One I came across a crack which was about 10MB or something but it extracted the thing to around 700MB. It use Uharc


----------



## Chetan1991 (Oct 24, 2013)

Thanks. I meant the animated demos such as those from demoscene which use procedural programming to create texture etc.
The question remains; which tools? Which compiler and IDE or GUI builder?


----------



## krishnandu.sarkar (Oct 24, 2013)

Chetan1991 said:


> Thanks. I meant the animated demos such as those from demoscene which use procedural programming to create texture etc.



This I don't understand.



> The question remains; which tools? Which compiler and IDE or GUI builder?



GUI Builder? It's complete C++. Low level Windows Programming.

Which IDE / which Compiler I don't know really, but it can be something different.

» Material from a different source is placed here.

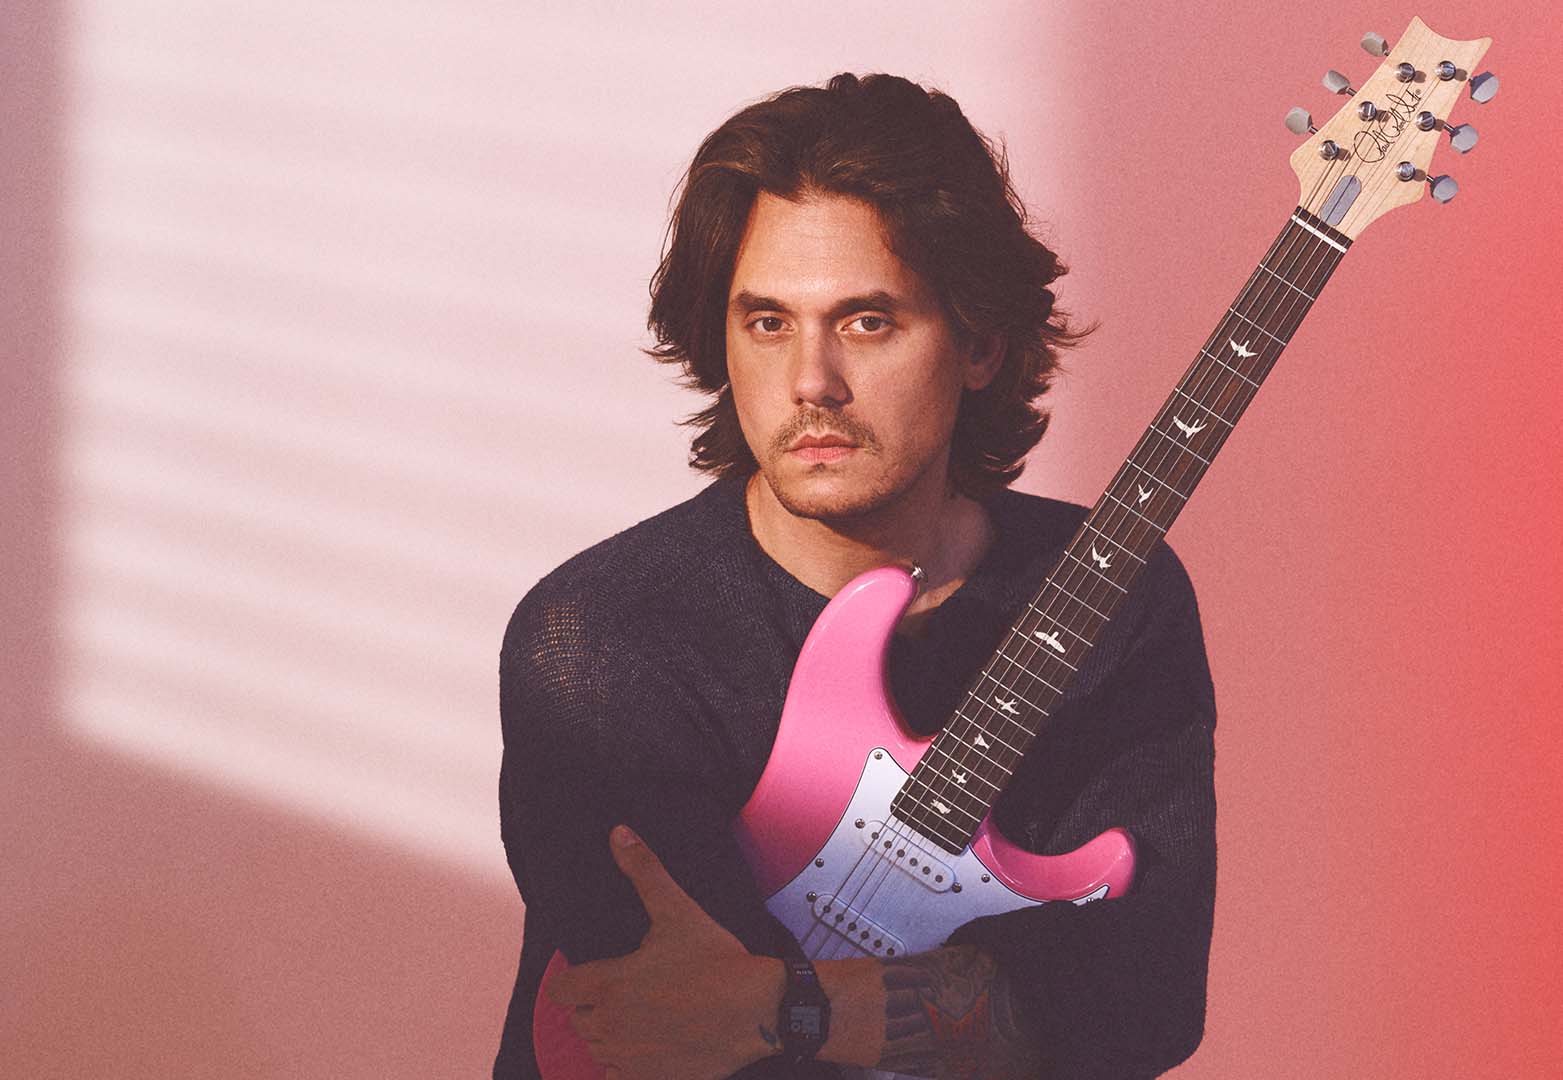 John Mayer releases retro-inspired new album, Sob Rock
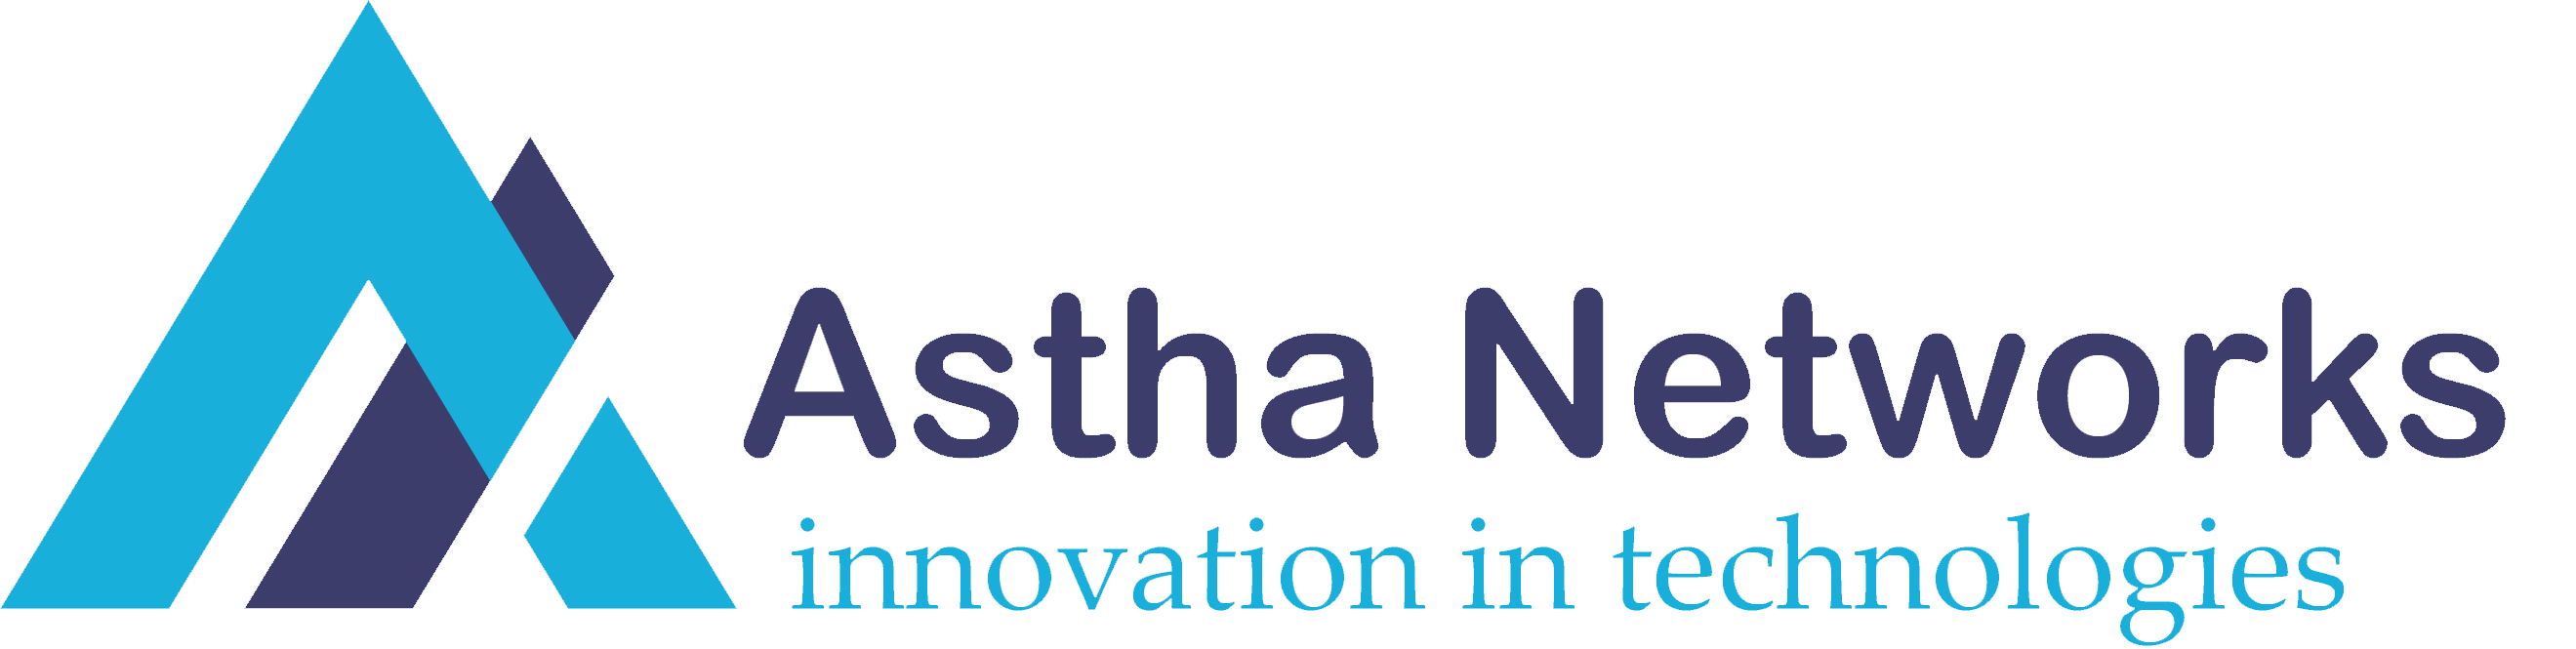 Astha Networks Logo

See, you don't need to look beyond, just look at MNC's in India and they have their own Code generation tools, UI Designer, Framework etc. It's just that they are company proprietary. So they don't work that way we think they do.


----------



## Zangetsu (Oct 24, 2013)

^^I guess OP has question on visualizations patterns created by cracker release groups


----------



## prehistoricgamer (Nov 3, 2013)

Could be openGL or other similar libraries. Not entirely sure.


----------



## anirbandd (Nov 21, 2013)

The GUI, my guess, is that its lowlevel C++/.NET programming...



krishnandu.sarkar said:


> Trainers are part of the program. Or you can say a copy of the same product which is limited to click on highlighted areas as per the tutorial goes on by restricting clicks.
> 
> And regarding size, don't think integrating videos and all will raise the size in that way you are thinking, as exe is highly compressed.
> 
> One I came across a crack which was about 10MB or something but it extracted the thing to around 700MB. It use Uharc



Trainers work by manipulating values on the memory... thus you can have infinite ammo health/sheild etc etc..

and intro videos are not videos in the strict sense.. those are just codes which manipulate the pixels based on the algo. just like a simple 2d game on a script. the more elegant the intro, the more talented the coder..

and that Uharc is crazy a$$ algo...


----------



## a_k_s_h_a_y (Dec 15, 2013)

Demos, I have read that they are made in assembly! 

As far as trainers and bots are concerned, am very certain they are made in C#, C# is popular these days and C++ too. 
And actually in AutoIT also!


----------